Halatty Manithalatty village principal town of the area is Ooty(Udhagamandalam), which is the district capital of Nilgiris. This is the major town for Halatty Manithalatty villagers. They used to go Ooty for buying and selling of goods. Ooty is one of the famous tourist spots in The Nilgiris.

==Village administration==

Halatty Manithalatty village is under the Udhagamandalam Taluk in The Nilgiris District under Kadanad Panchayat. Kadanad post office is the Branch post office of Halatty Manithalatty village. Denaducombai post office is Head office. Halatty Manithalatty village pincode is 643206. Telephone and STD code is 0423.

==Languages==

Badaga is the main language for in this village, which has no script and spoken by about 245,000 Badagas in 200 villages in the Nilgiris.

Tamil language is also spoken in this village.
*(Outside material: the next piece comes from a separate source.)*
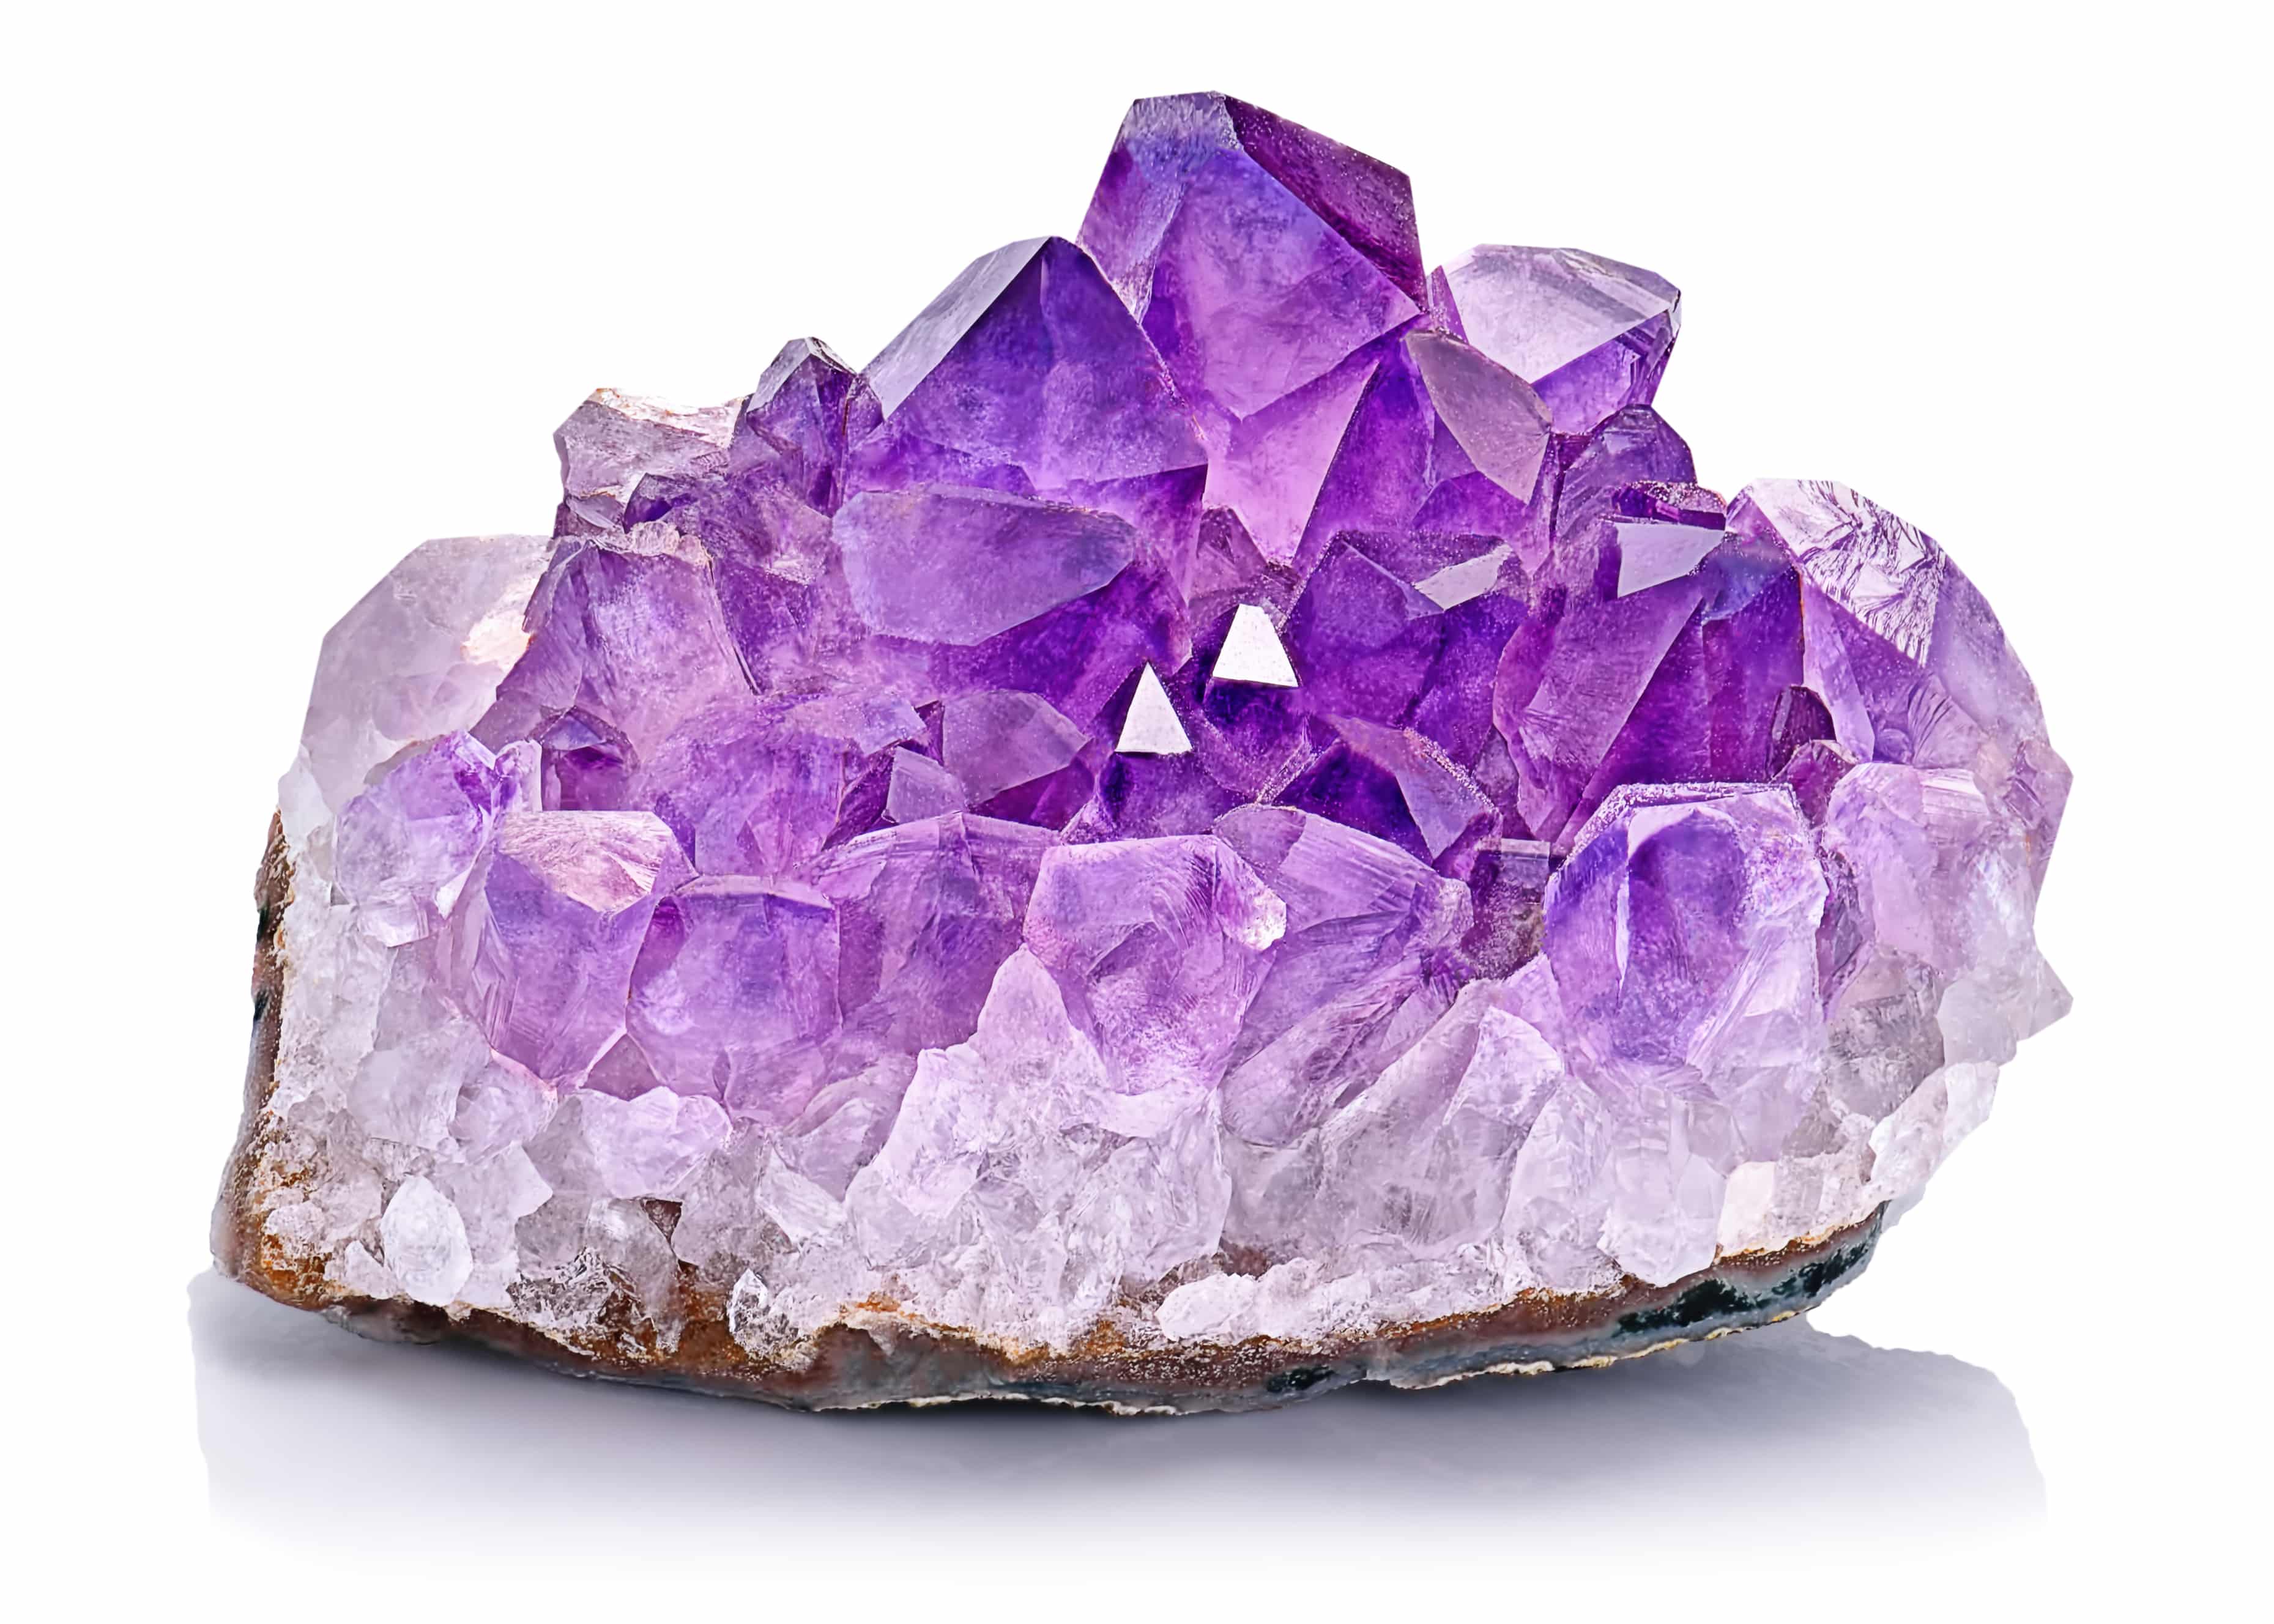 What Does Amethyst Mean Spiritually?

Many people speak and understand English, Kannada, Malayalam and Hindi.

==Basic infrastructure==

===Transport===

Halatty Manithalatty village has two main buses from Ooty ATC. Ooty bus stand as the central bus stand for the Halatty Manithalatty village apart from Municipal Bus Stand, Coonoor. The village roads are maintained by Panchayat Union. It will take around 30 minutes to reach Halatty Manithalatty Village from Ooty. Major bus stops include:
1. Collector Office, Ooty
2. Forest Gate
3. Adasolai Village
4. Denadu combai
5. Kadanad Village

===Health infrastructure===

Kadanad village is the nearest village. It has the Primary Health Centre. Ooty is the main area for this village's Health infrastructure.

==Agriculture==

Agriculture is the most common work for all. Halatty Manithalatty village used to develop the Horticulture field, and the economy of the village depends upon the success and failure of crops like potato, beans, beetroot, carrot, tea. This village also produces eucalyptus oil and here living people doing their own business such like as tourism guide, fertilizers shop, etc.

==Education==

In past, Halatty Manithalatty villagers did not have much interest in studies; nowadays they having more interest. Around 77.3% of the population are educated according to the 2013 census. Halatty Manithalatty village is surrounded schools and colleges.

===Government School's===

1. Government High School, Kadanad
2. Government Higher Sec School, Anikorai
3. Government Higher Sec School, Thuneri

===Private Schools===

1. Sathya sai matriculation school, Thuneri
2. Gurukulam matriculation school, Thuneri
3. Annai Saradha Devi matriculation school, Anikorai

===Colleges===

1. Government Arts and Science College, Ooty
2. CSI Engineering College, Ketti

==Festival==

Halatty Manithalatty village grand festival is "Thaipusam", held every year. Vinayagar chaturthi is also one of the festival for this people.